Frustrations really are just all the things that keep me from writing—too many demands, like committee work, and the fragmentation of my time on an ordinary day, my intellectual isolation over the years, and injustice in the profession. But not philosophy. Philosophy is hard, sometimes painful, but never frustrating. It’s NOT doing philosophy that is frustrating.
The most rewarding aspect then is just doing philosophy?

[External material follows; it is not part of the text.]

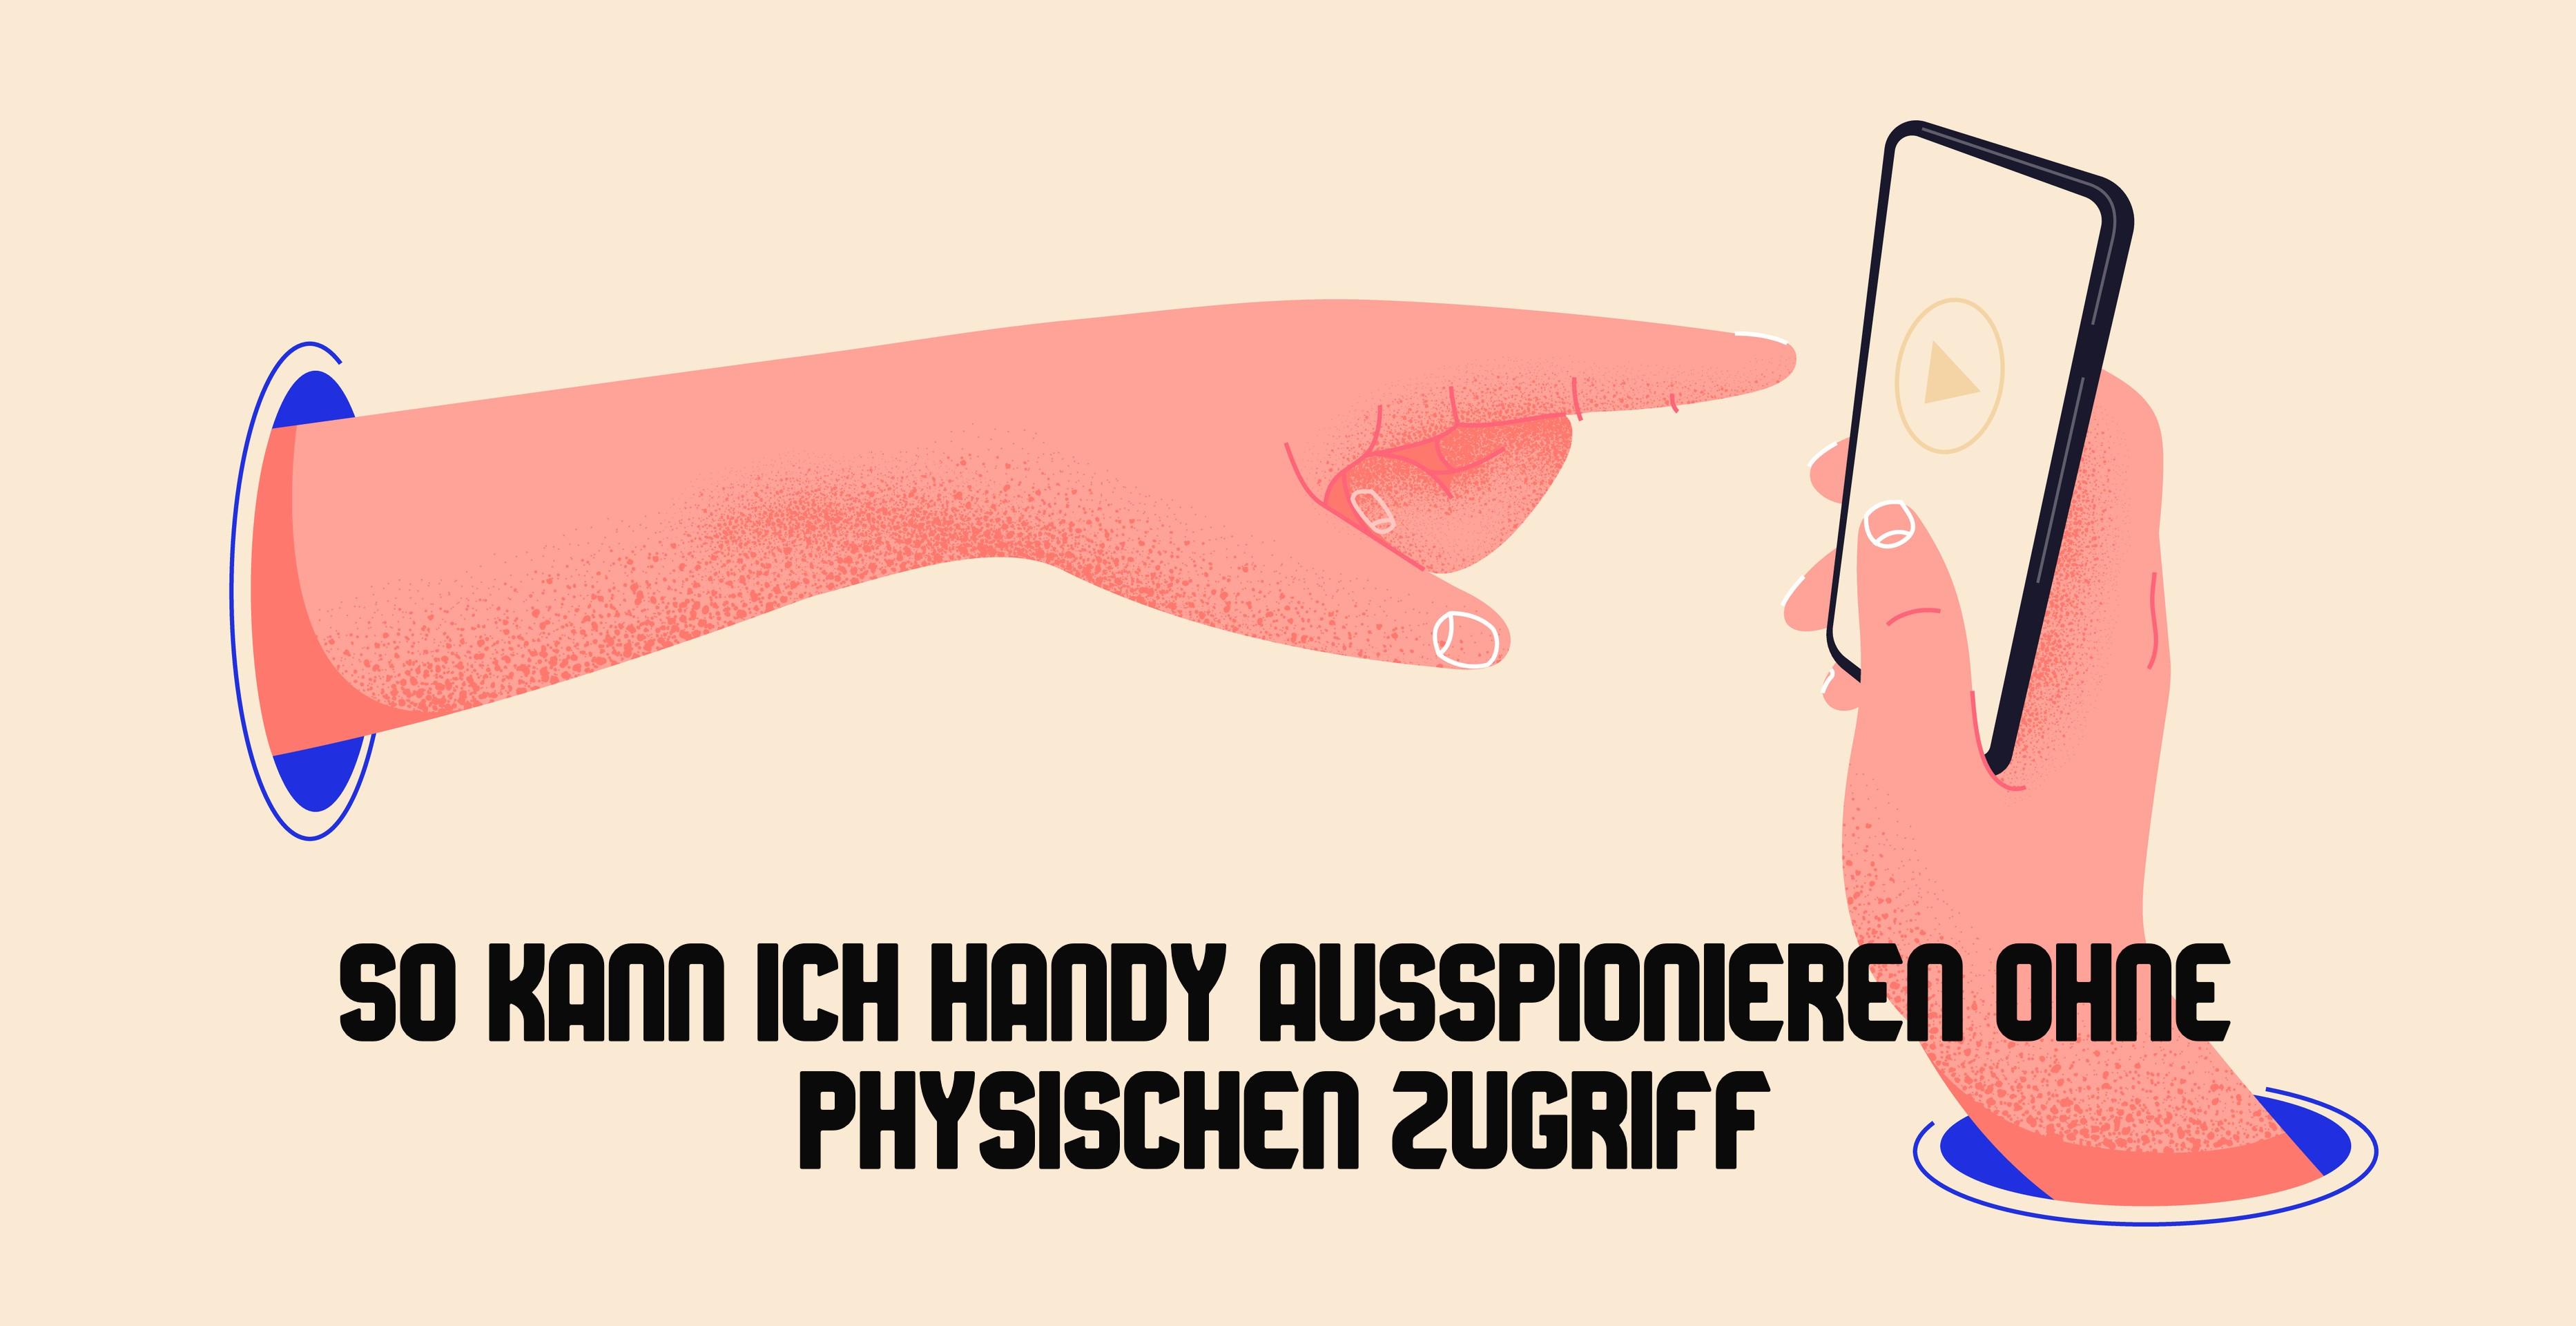 Handy Ausspionieren ohne Physischen Zugriff

It is very hard to isolate one rewarding experience. It’s all been rewarding. The publication of Bodies and Pleasures was a high point, and the thinking I did while writing Racism and Sexuality was absolutely life-changing in some ways. But looking back, I love all of it—every paper I’ve written, every new seminar I’ve taught. I love the feeling of moving intellectually, of changing and seeing from new angles. Many aspects of my work give me that.
Let’s conclude by looking forward. What are your short and long-term projects?
I’m doing a lot of papers now on neoliberalism, biopolitics, and population. I am not sure yet exactly where that’s all going. I have started a new book project, but I can only describe it in very vague terms so far. The way I work is rather dream-like. Energy and images gradually come together, like clouds colliding, until something takes shape.
Sounds quite Deleuzean really. Everything is a lightning bolt: there’s a field of differences and then at a threshold: crack!
This process may take years. The writing usually takes much less time than the dreaming. I wrote most of Racism and Sexual Oppression in about 18 months, but the whole process took nearly a decade. I know that the next project will deal with globalization and environmental issues, but two years after the last book, I am still in the clouds.
All in good time, but we’ll hear the thunder soon I think!
Del, let me thank you again for this interview. It’s been a real pleasure.